*What is required:*
Would you return every entry, exactly as it is written?

*Dataset content:*
BEGIN

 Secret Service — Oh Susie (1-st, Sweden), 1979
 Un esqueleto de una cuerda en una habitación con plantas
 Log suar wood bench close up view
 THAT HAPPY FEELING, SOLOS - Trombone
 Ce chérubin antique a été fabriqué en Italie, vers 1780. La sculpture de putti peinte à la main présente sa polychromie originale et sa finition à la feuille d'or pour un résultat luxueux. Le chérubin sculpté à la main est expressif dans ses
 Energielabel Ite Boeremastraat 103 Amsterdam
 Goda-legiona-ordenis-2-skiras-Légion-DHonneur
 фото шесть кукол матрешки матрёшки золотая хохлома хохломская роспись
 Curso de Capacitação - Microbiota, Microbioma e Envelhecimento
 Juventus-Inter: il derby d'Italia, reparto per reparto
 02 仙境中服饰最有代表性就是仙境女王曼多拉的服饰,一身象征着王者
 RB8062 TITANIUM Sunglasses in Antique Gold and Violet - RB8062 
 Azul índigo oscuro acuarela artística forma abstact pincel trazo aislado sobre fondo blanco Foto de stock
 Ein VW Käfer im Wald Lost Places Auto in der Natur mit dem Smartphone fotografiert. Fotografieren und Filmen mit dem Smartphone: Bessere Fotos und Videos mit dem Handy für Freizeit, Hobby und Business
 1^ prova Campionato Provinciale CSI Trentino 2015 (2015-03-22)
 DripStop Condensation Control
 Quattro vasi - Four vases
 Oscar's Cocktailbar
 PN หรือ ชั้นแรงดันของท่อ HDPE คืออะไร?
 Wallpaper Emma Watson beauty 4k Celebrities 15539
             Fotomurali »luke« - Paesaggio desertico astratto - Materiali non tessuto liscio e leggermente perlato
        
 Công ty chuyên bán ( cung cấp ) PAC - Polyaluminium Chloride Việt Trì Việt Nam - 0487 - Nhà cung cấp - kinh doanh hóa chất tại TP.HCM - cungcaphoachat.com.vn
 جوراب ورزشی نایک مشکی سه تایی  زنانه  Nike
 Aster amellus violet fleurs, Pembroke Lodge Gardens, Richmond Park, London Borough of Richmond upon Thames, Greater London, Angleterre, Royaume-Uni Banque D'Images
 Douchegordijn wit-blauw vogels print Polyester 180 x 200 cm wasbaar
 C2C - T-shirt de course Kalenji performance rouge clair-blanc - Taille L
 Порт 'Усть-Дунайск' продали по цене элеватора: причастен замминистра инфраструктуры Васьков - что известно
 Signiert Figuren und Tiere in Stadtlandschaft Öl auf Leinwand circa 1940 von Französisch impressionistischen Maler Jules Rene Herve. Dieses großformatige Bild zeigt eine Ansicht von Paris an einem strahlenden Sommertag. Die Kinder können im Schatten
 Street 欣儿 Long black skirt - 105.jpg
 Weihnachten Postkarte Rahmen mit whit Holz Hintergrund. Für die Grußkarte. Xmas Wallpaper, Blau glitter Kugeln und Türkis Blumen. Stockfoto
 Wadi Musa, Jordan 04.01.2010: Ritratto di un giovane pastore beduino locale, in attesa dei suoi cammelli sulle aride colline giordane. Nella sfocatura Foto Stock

END

*Expected answer:*
 Secret Service — Oh Susie (1-st, Sweden), 1979
 Un esqueleto de una cuerda en una habitación con plantas
 Log suar wood bench close up view
 THAT HAPPY FEELING, SOLOS - Trombone
 Ce chérubin antique a été fabriqué en Italie, vers 1780. La sculpture de putti peinte à la main présente sa polychromie originale et sa finition à la feuille d'or pour un résultat luxueux. Le chérubin sculpté à la main est expressif dans ses
 Energielabel Ite Boeremastraat 103 Amsterdam
 Goda-legiona-ordenis-2-skiras-Légion-DHonneur
 фото шесть кукол матрешки матрёшки золотая хохлома хохломская роспись
 Curso de Capacitação - Microbiota, Microbioma e Envelhecimento
 Juventus-Inter: il derby d'Italia, reparto per reparto
 02 仙境中服饰最有代表性就是仙境女王曼多拉的服饰,一身象征着王者
 RB8062 TITANIUM Sunglasses in Antique Gold and Violet - RB8062 
 Azul índigo oscuro acuarela artística forma abstact pincel trazo aislado sobre fondo blanco Foto de stock
 Ein VW Käfer im Wald Lost Places Auto in der Natur mit dem Smartphone fotografiert. Fotografieren und Filmen mit dem Smartphone: Bessere Fotos und Videos mit dem Handy für Freizeit, Hobby und Business
 1^ prova Campionato Provinciale CSI Trentino 2015 (2015-03-22)
 DripStop Condensation Control
 Quattro vasi - Four vases
 Oscar's Cocktailbar
 PN หรือ ชั้นแรงดันของท่อ HDPE คืออะไร?
 Wallpaper Emma Watson beauty 4k Celebrities 15539
             Fotomurali »luke« - Paesaggio desertico astratto - Materiali non tessuto liscio e leggermente perlato
        
 Công ty chuyên bán ( cung cấp ) PAC - Polyaluminium Chloride Việt Trì Việt Nam - 0487 - Nhà cung cấp - kinh doanh hóa chất tại TP.HCM - cungcaphoachat.com.vn
 جوراب ورزشی نایک مشکی سه تایی  زنانه  Nike
 Aster amellus violet fleurs, Pembroke Lodge Gardens, Richmond Park, London Borough of Richmond upon Thames, Greater London, Angleterre, Royaume-Uni Banque D'Images
 Douchegordijn wit-blauw vogels print Polyester 180 x 200 cm wasbaar
 C2C - T-shirt de course Kalenji performance rouge clair-blanc - Taille L
 Порт 'Усть-Дунайск' продали по цене элеватора: причастен замминистра инфраструктуры Васьков - что известно
 Signiert Figuren und Tiere in Stadtlandschaft Öl auf Leinwand circa 1940 von Französisch impressionistischen Maler Jules Rene Herve. Dieses großformatige Bild zeigt eine Ansicht von Paris an einem strahlenden Sommertag. Die Kinder können im Schatten
 Street 欣儿 Long black skirt - 105.jpg
 Weihnachten Postkarte Rahmen mit whit Holz Hintergrund. Für die Grußkarte. Xmas Wallpaper, Blau glitter Kugeln und Türkis Blumen. Stockfoto
 Wadi Musa, Jordan 04.01.2010: Ritratto di un giovane pastore beduino locale, in attesa dei suoi cammelli sulle aride colline giordane. Nella sfocatura Foto Stock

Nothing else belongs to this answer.